A month back, I was given the news that my heart has become much weaker and it is only pumping 35% where as a normal heart pumps 55% plus. I was told that my heart is of an 85 year old person.
This did not shock me nor did it phase me.
I had felt that something was wrong with it months ago during my walks when I used to get tired all of a sudden while walking for no reason and had to rest before continuing.
When I went to see my Cardiologist, he told me the reason was that my heart would not work on its own so when it wanted to stop, the pacemaker kicked in when it went to 40bpm. I felt so tired for a couple of days that I could not even go up the stairs. That was the reason of my exhaustion. He also told me that if I had not had the device, I would be lying dead on the pavement. Then he programmed my device to pace at 55bpm which did not help much but I was able to walk. Lastly he programmed it at 70bpm and things are much better.
I have to have the device changed next month. They are going to put a 3 wire device ( now it is a single wire) so that the electric current can come down from up whereas now, it is going from down to upwards like an anxious salmon.

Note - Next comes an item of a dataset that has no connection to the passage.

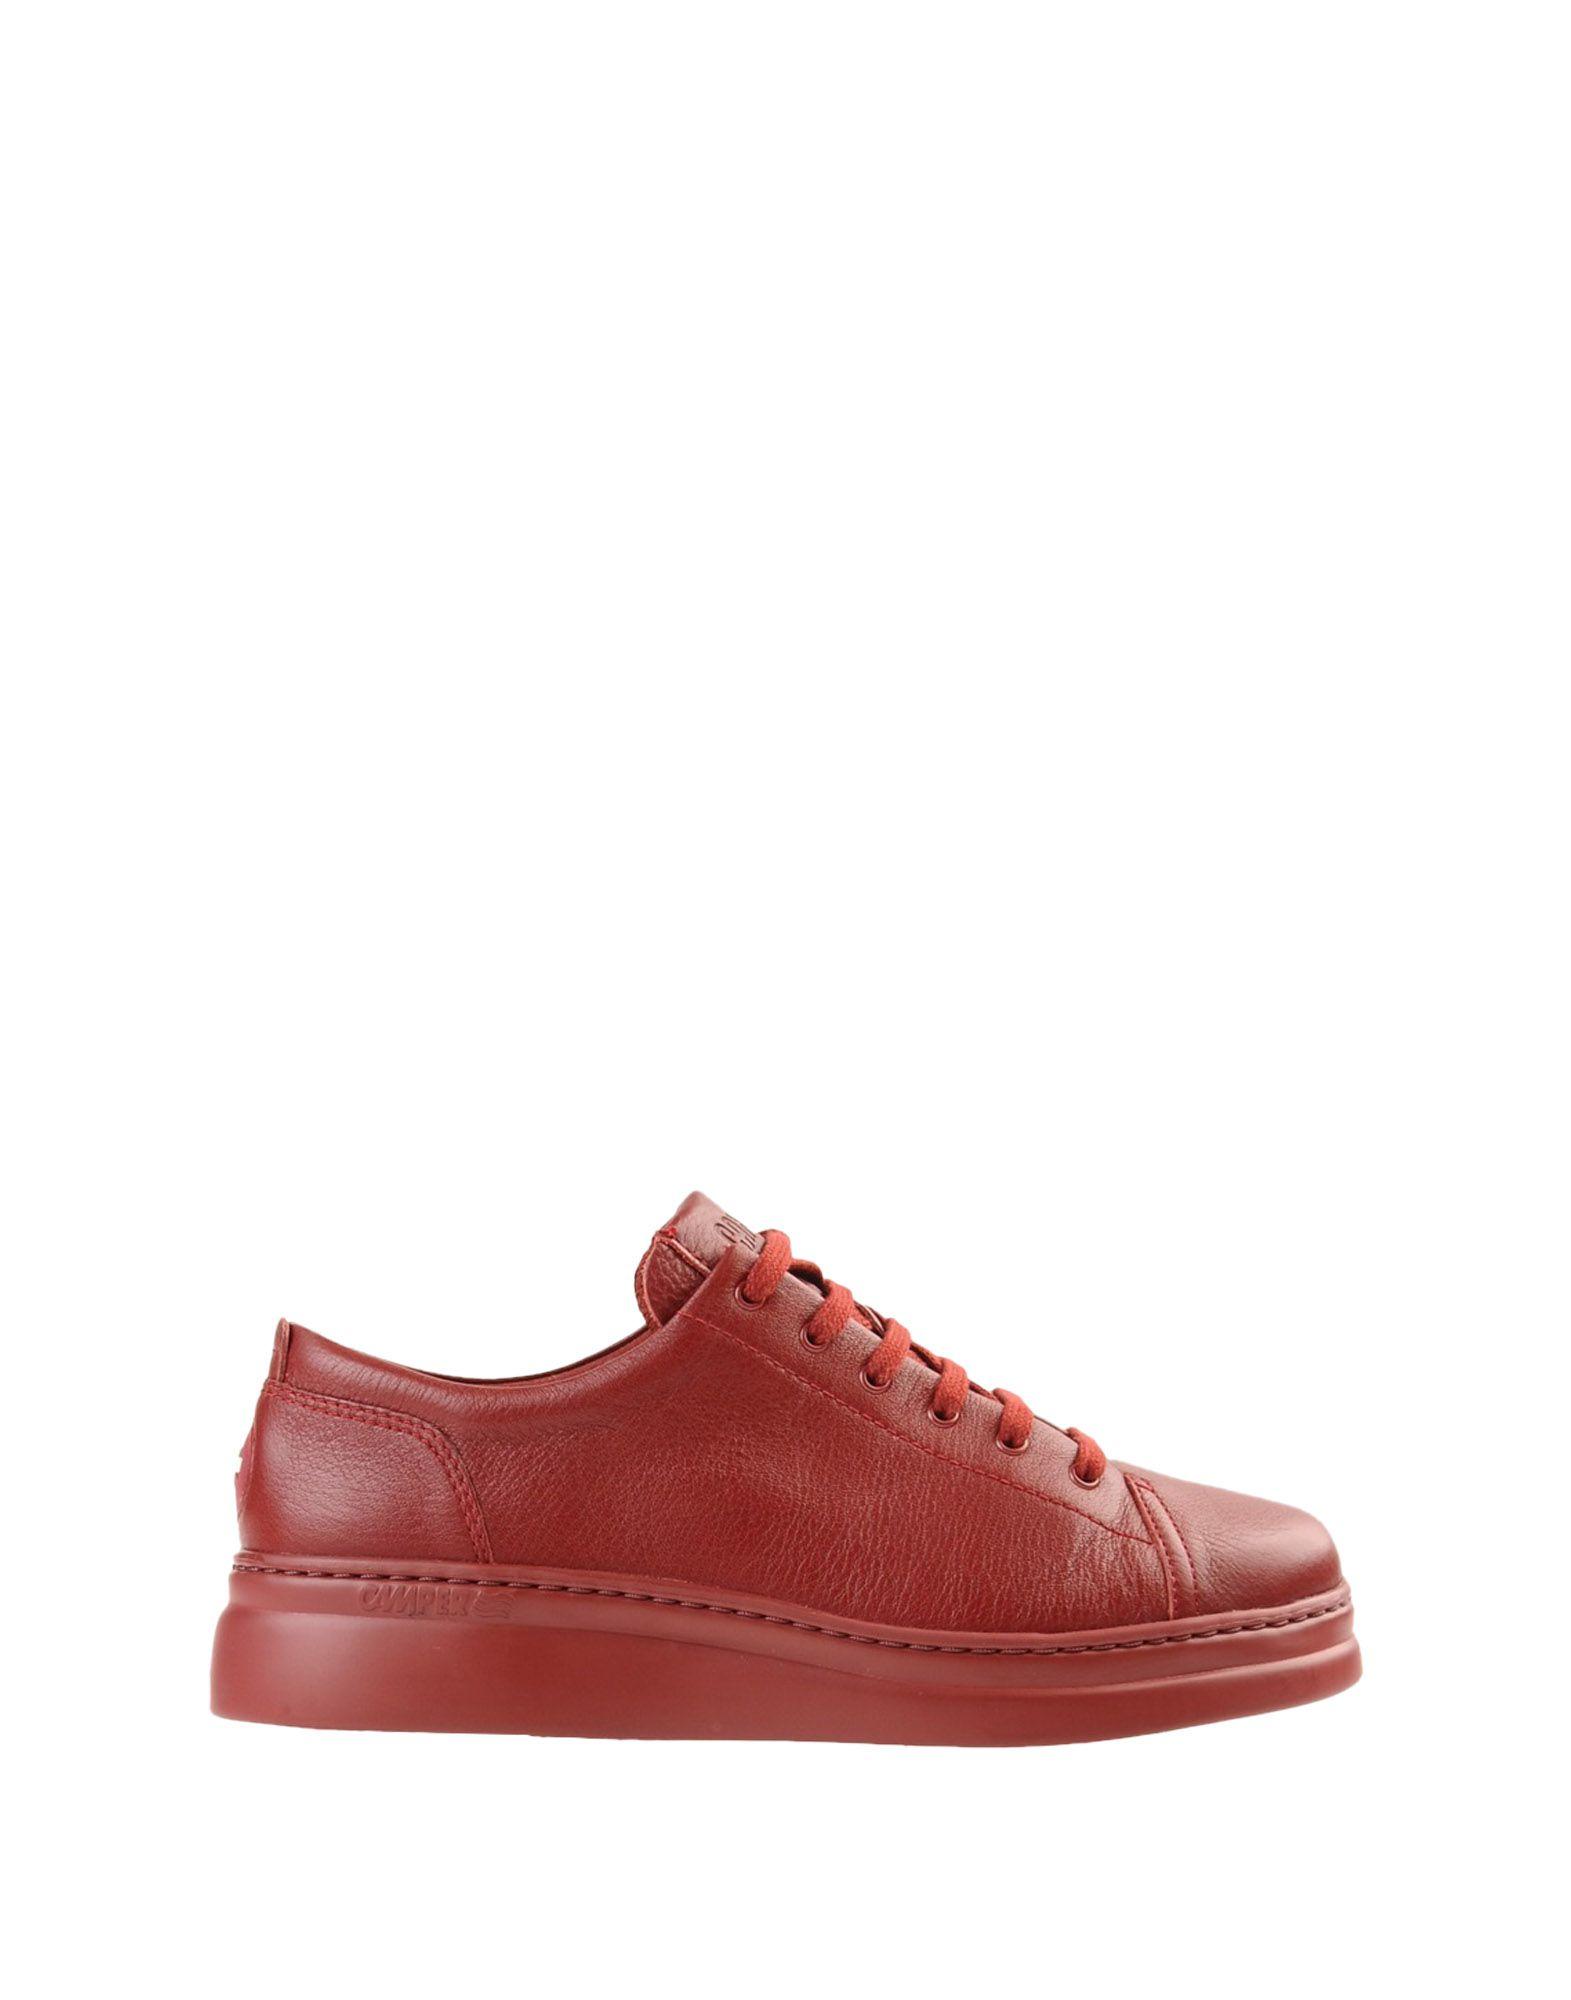 Camper Sneakers  - Women Camper Sneakers online on  Sneakers Australia - 11574597WU ae331d

Since the device has been set on 70bpm ( The original intent was not to pace my heart when it was installed in the 2003 but only as a shocking device only when the heart raced up), I have been able to walk. I power walk 7 miles daily with 5lb weight on my each bicep, go over some steep hills and do it under 2 hours, 7 days a week,not bad for a young man with a heart of an 85 year old.
I wanted to give this background before I came to the real part which encompasses Gurbani and its power.

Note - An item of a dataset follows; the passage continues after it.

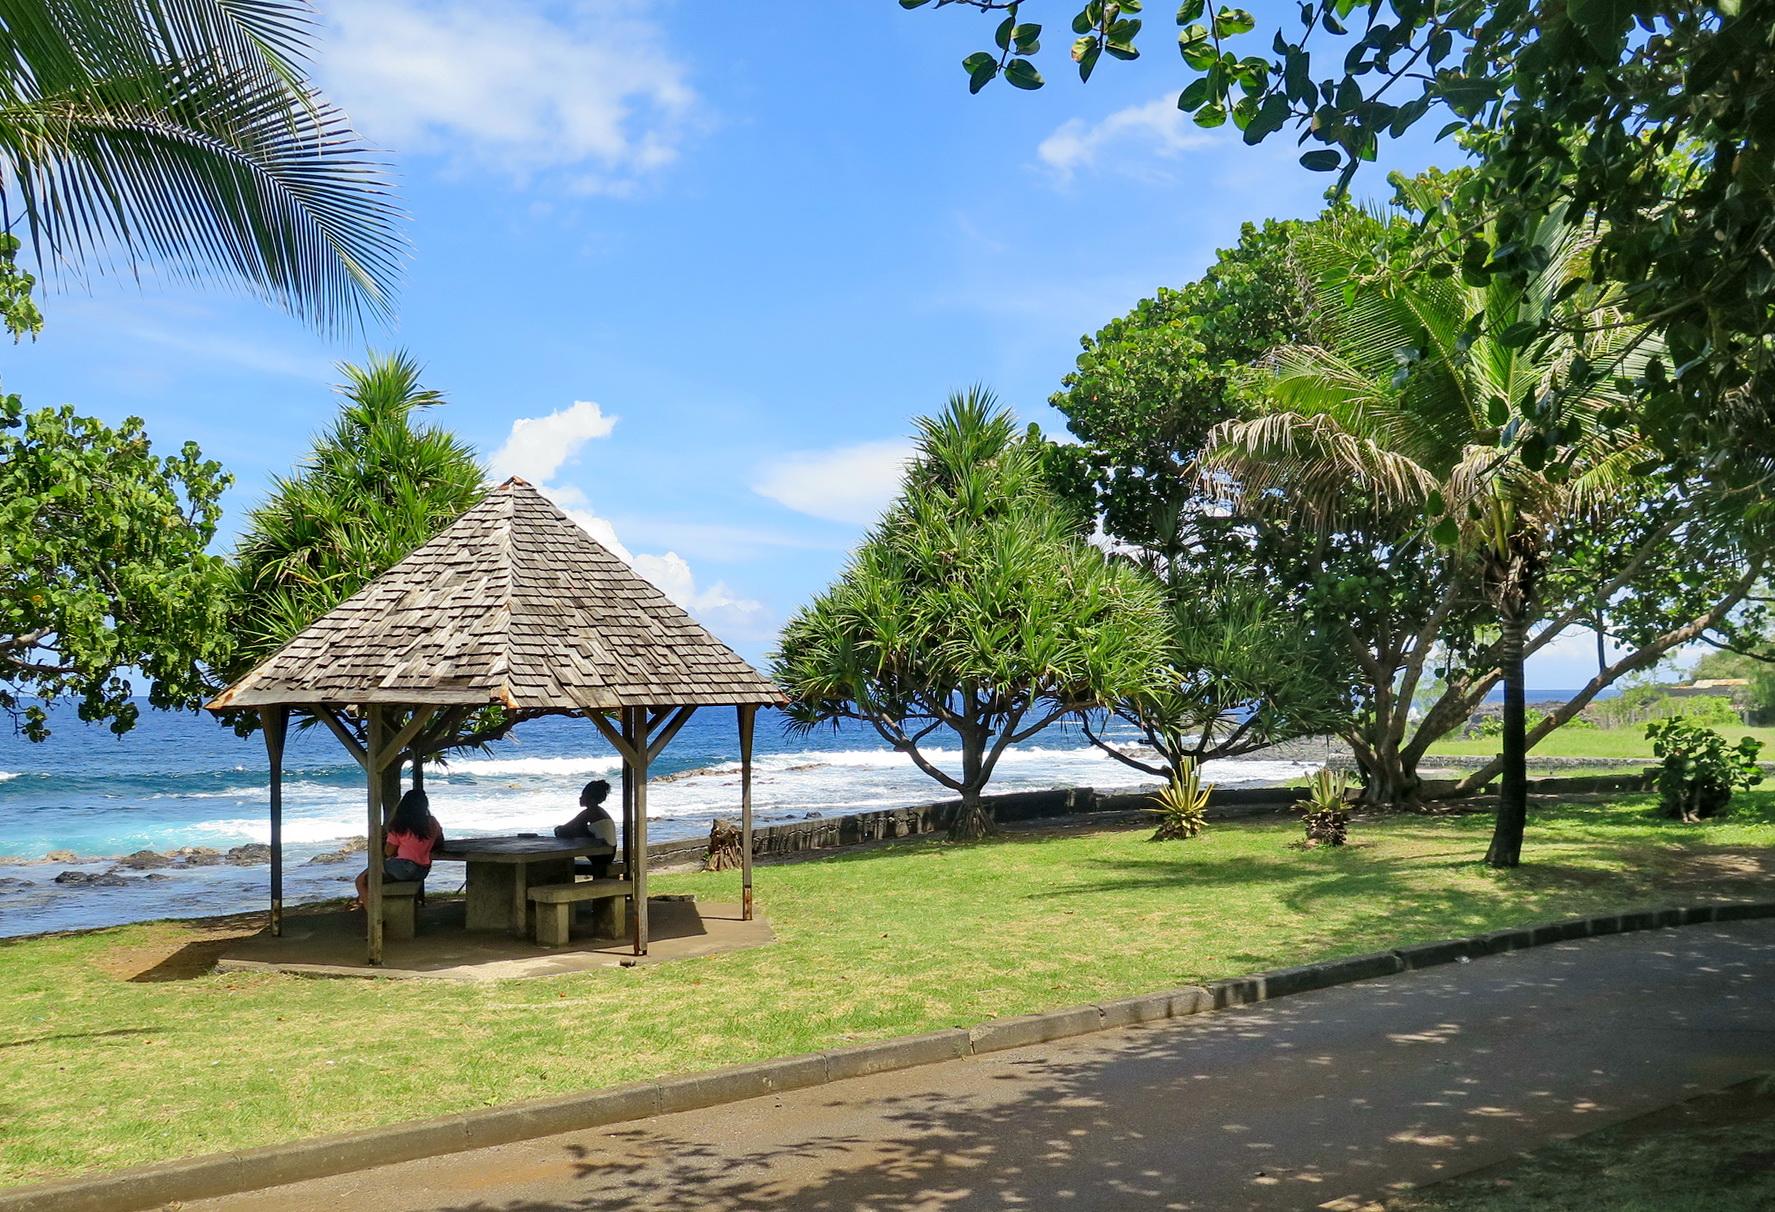 [Vie des ports] Les ports de la Réunion - Page 6 926241petiteile1047

The moment I start walking at 3:45am every morning, by grace, a Shabad comes to my mind and then to my mouth which I start contemplating upon during my 2 hour solitary Galactic voyage. In between, I do my Nitnem without Jaap Sahib, which is done later on at home and then back to the Shabad. I feel relaxed, energetic and serene during this journey which makes me walk with my eyes half closed. These words can not express actually what beautiful feelings I go through. It is like" Gungei de Mithaee".
I come home, record my bp and pulse and all seems fine for a person with a heart of an 85 year old.

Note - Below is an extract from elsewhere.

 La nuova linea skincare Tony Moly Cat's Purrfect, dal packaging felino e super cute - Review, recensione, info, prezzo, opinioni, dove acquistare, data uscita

By the way, today's Shabad was " Tathi vahao nanh laghee, Parbraham Sarnaee. Chaugiradh hamare Raamkaar, Dukh laghei nanh bhai...."- Nothing wrong can happen when we have found the connection with Ik Ong Kaar by shedding me-ism. As Ik Ong kaar is omnipresent, hence, we are surrounded by His grace, then my brother, there is no pain or suffering because our Protector has given us the tools to shrug the negative forces off.....-.
This Shabad has a lot of personal significance for my sisters and brothers and myself. Whenever we felt sick, fearful due to a bad dream, or any other negative forces that engulfed us, we always went to our Mum, lovingly called Amee ji. She used to make us lie down with her in bed and recite this Shabad again and again which made us feel better.
So, Sadh Sangat, today's journey had a very special significance because I spent 2 hours chatting with my late Mum.